Как ни метался по подводью водяной, а зараза-икота не проходила. Уже и по ночам не спал, всё икал и икал. Когда замотался в конец, то надумал переговорить со служивым, глядишь, может, он подсобит, ведь клин клином вышибается! С тех пор водяник день и ночь пропадал на тульском берегу – всё караулил стрельца.
Так вот только через неделю на переправе вновь замелькал красный кафтан с малиновыми петлицами да тёмно-серая шапка с околышем – вроде Фролка в Москву обратный путь держит. Идёт, пылит – сам себе воевода, сам себе ратник. Дождался стрелец попутной крестьянской подводы и напросился за ради бога в телегу, чтобы казённые сапоги не мочить. Едет по реке, словно посуху, радуется. Развалился на душистом сене, то посвистывает, а то мурлычет себе под нос песенку о красной девице, о русой косе да красной ленте.

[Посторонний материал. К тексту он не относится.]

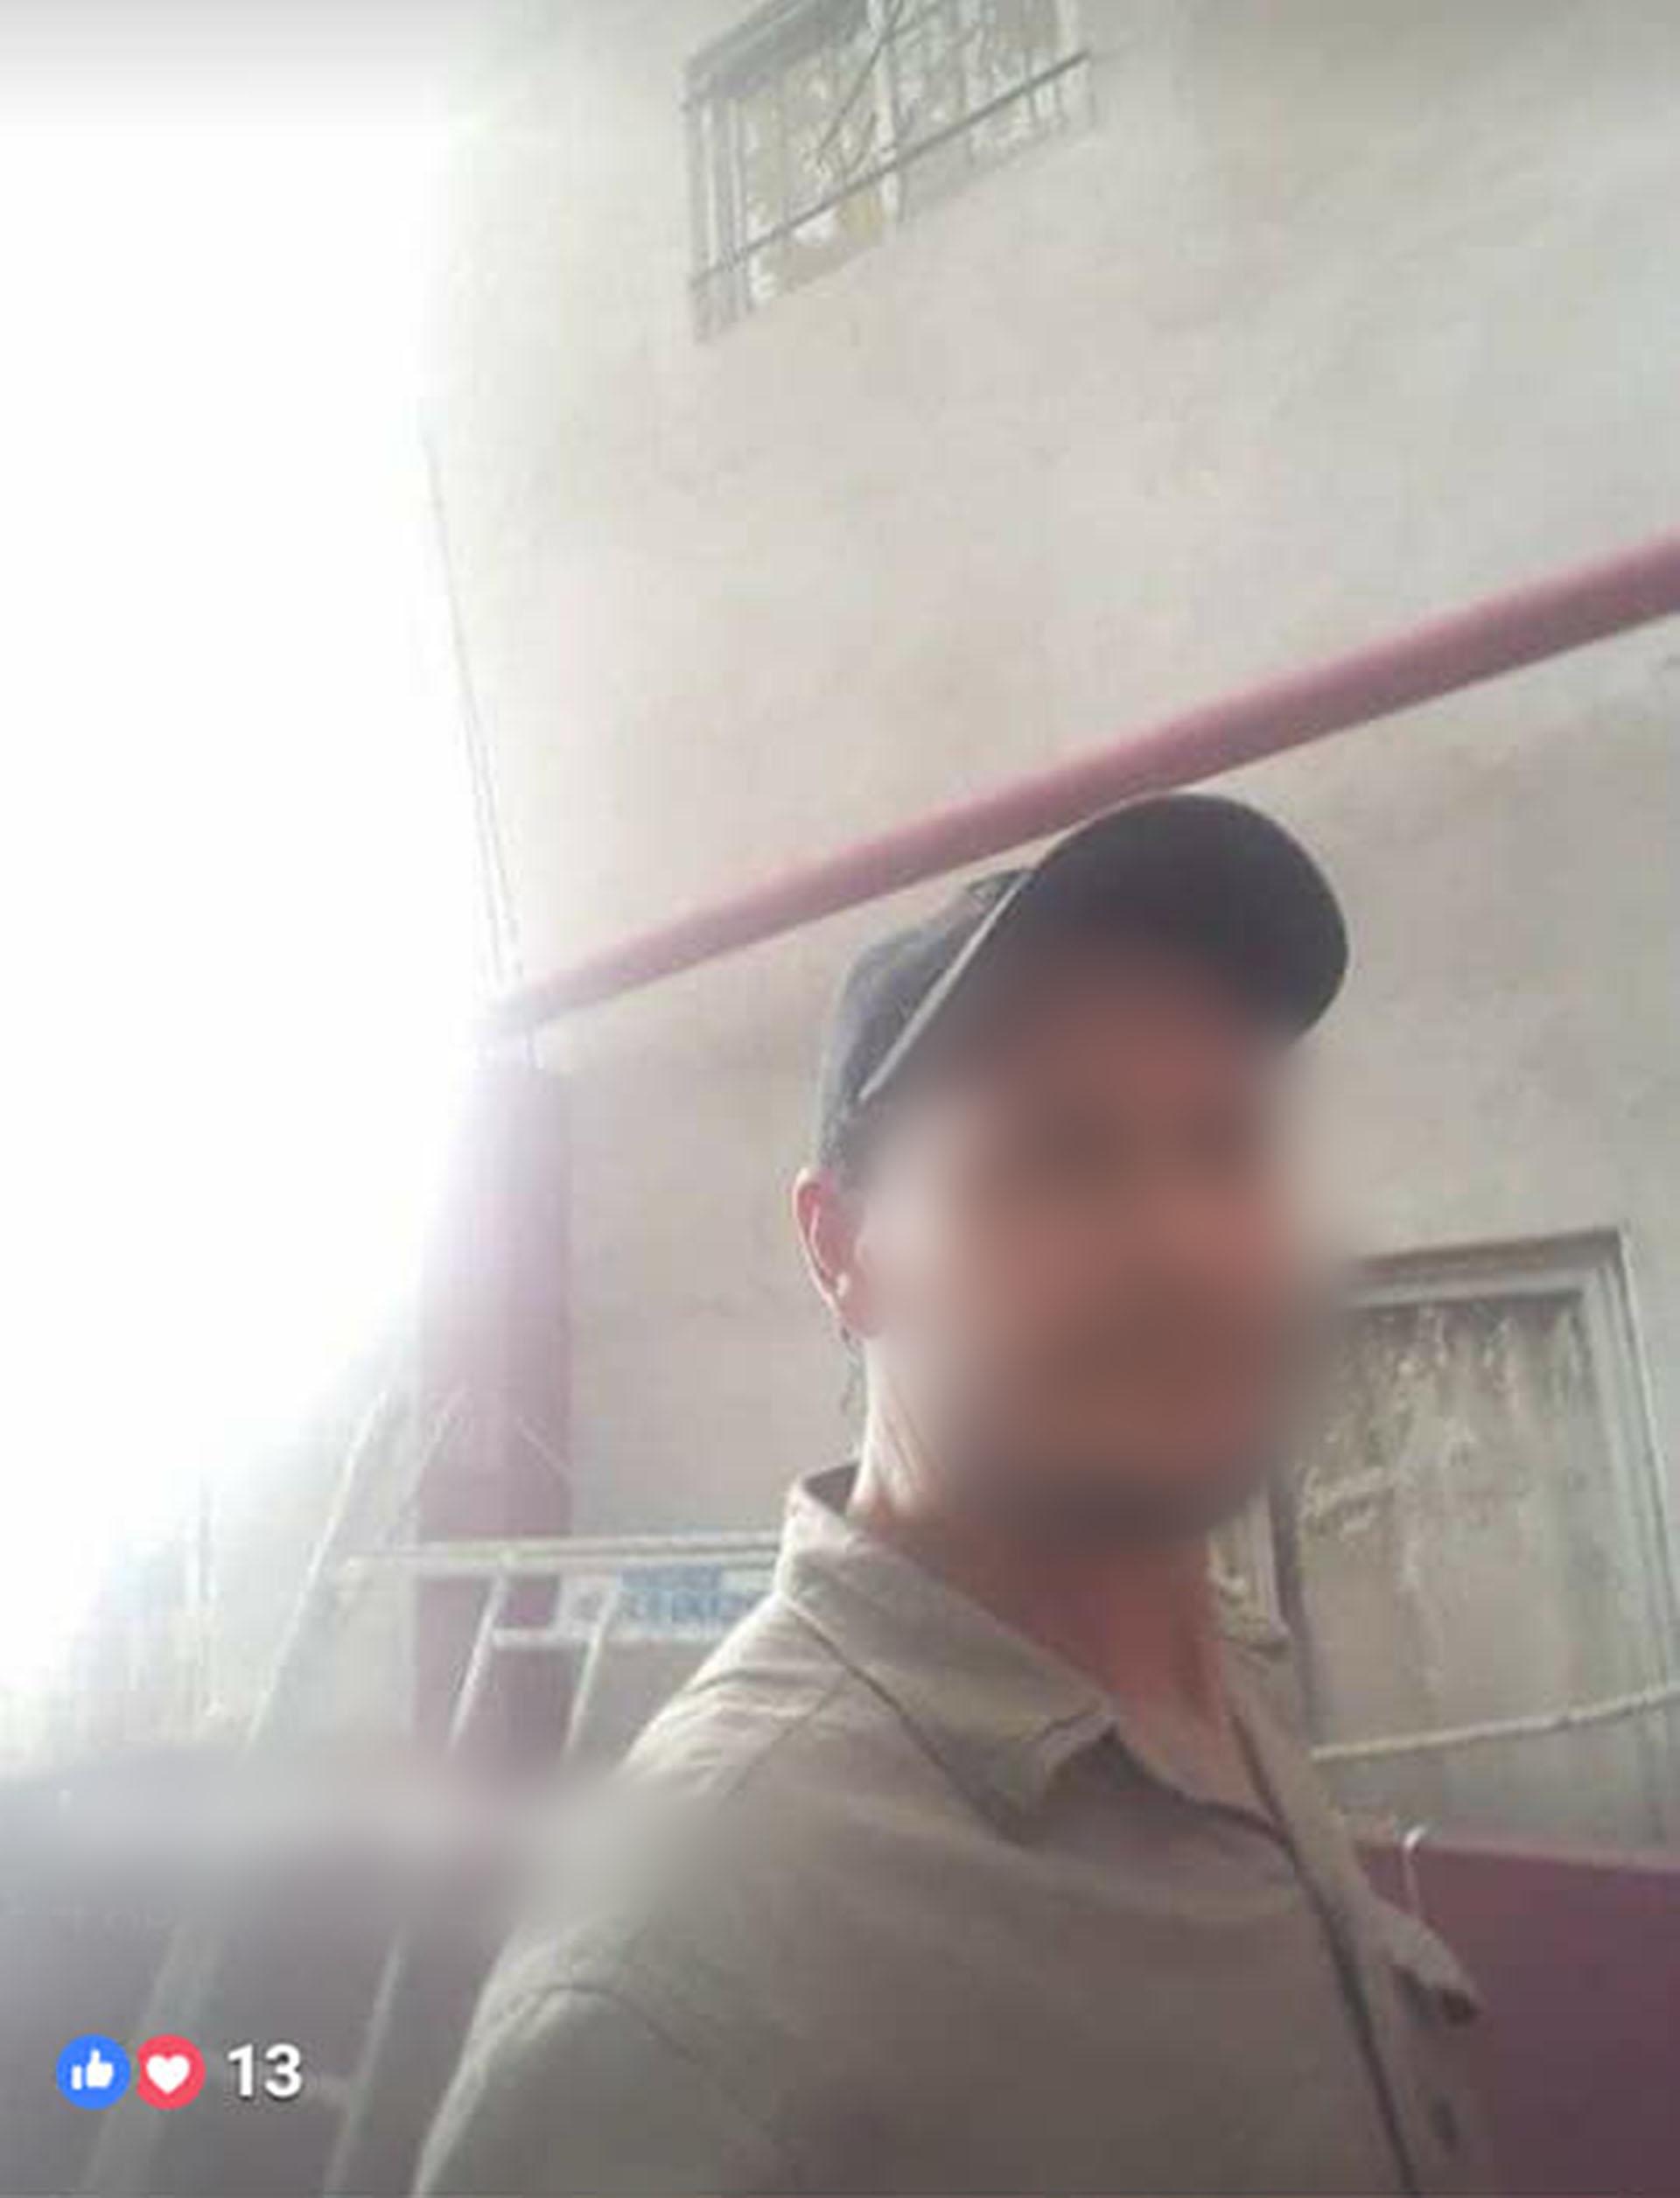 La imagen del hombre quecreyó chatear con unaniña de once años. Su cuenta de Facebook ya no existe
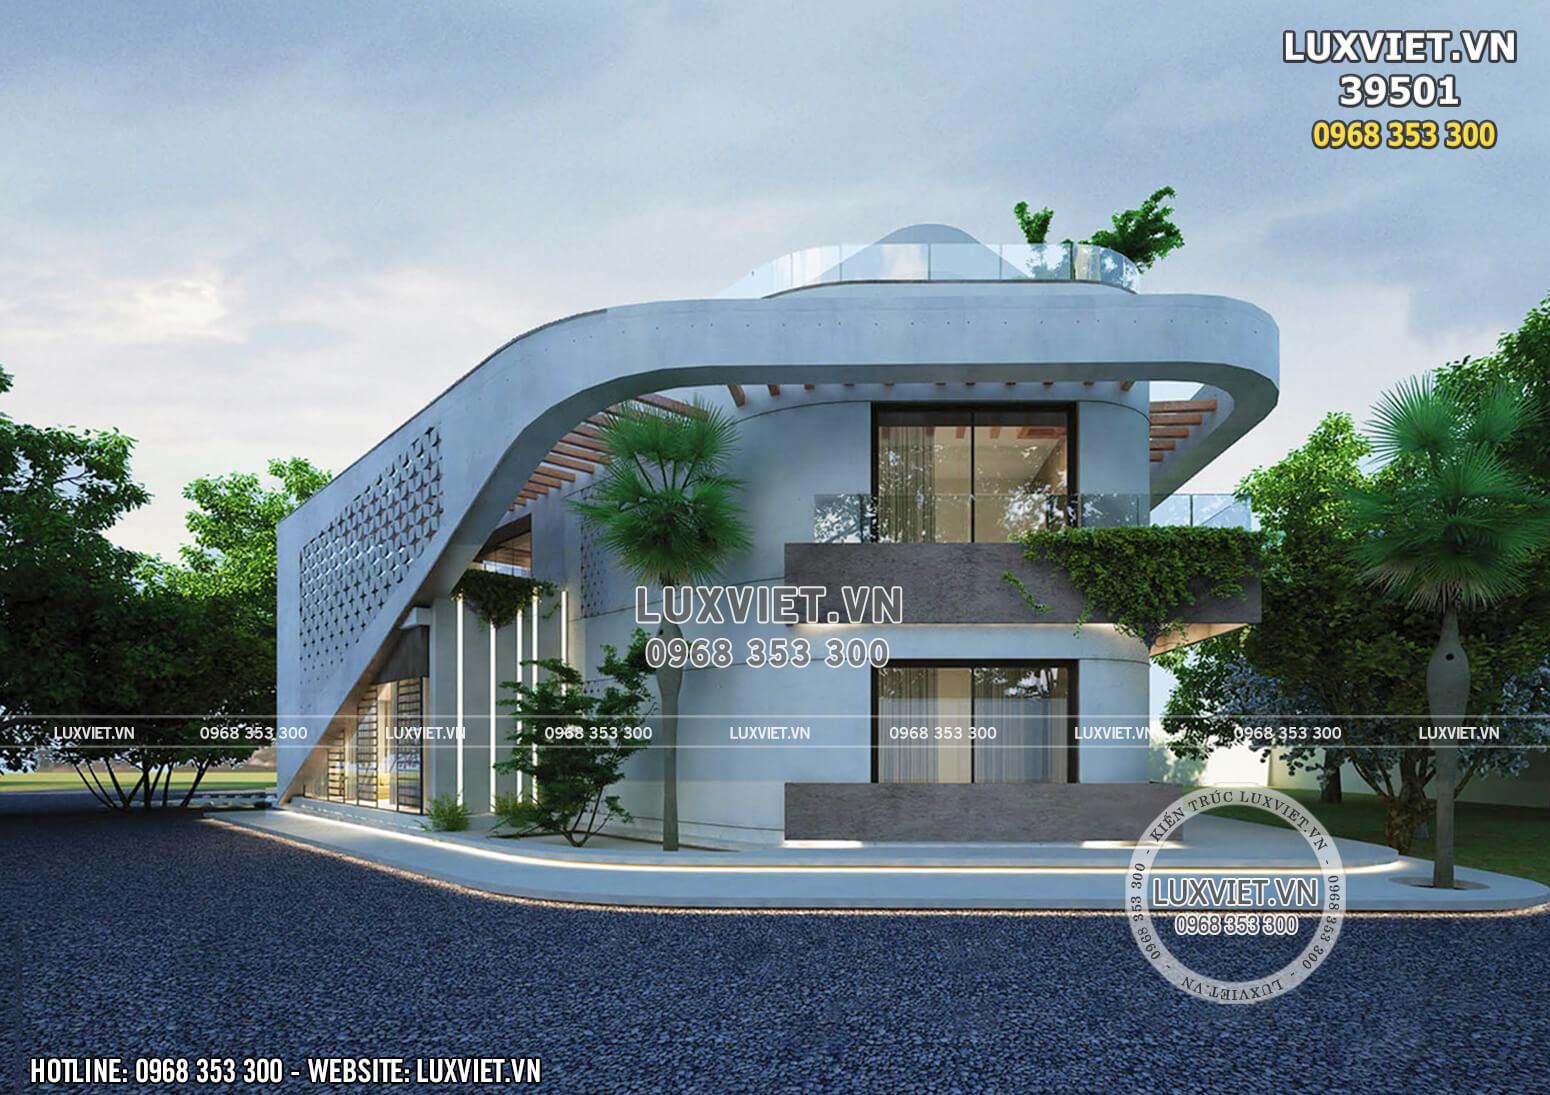 Thiết kế villa hiện đại nghỉ dưỡng trên đồi tại Hòa Bình - LV 39501

На середине реки, где омут начинается, из воды показалась зелёная рука и – хвать служивого за сапог, да так, что чуть не свалился Фролка с подводы. Мужик испужался и орёт на кобылу:
– Тпру, окаянная! – а сам давай креститься при виде водяного и всё твердит одно и то же. – Изыди, сатана, изыди скорее отсель…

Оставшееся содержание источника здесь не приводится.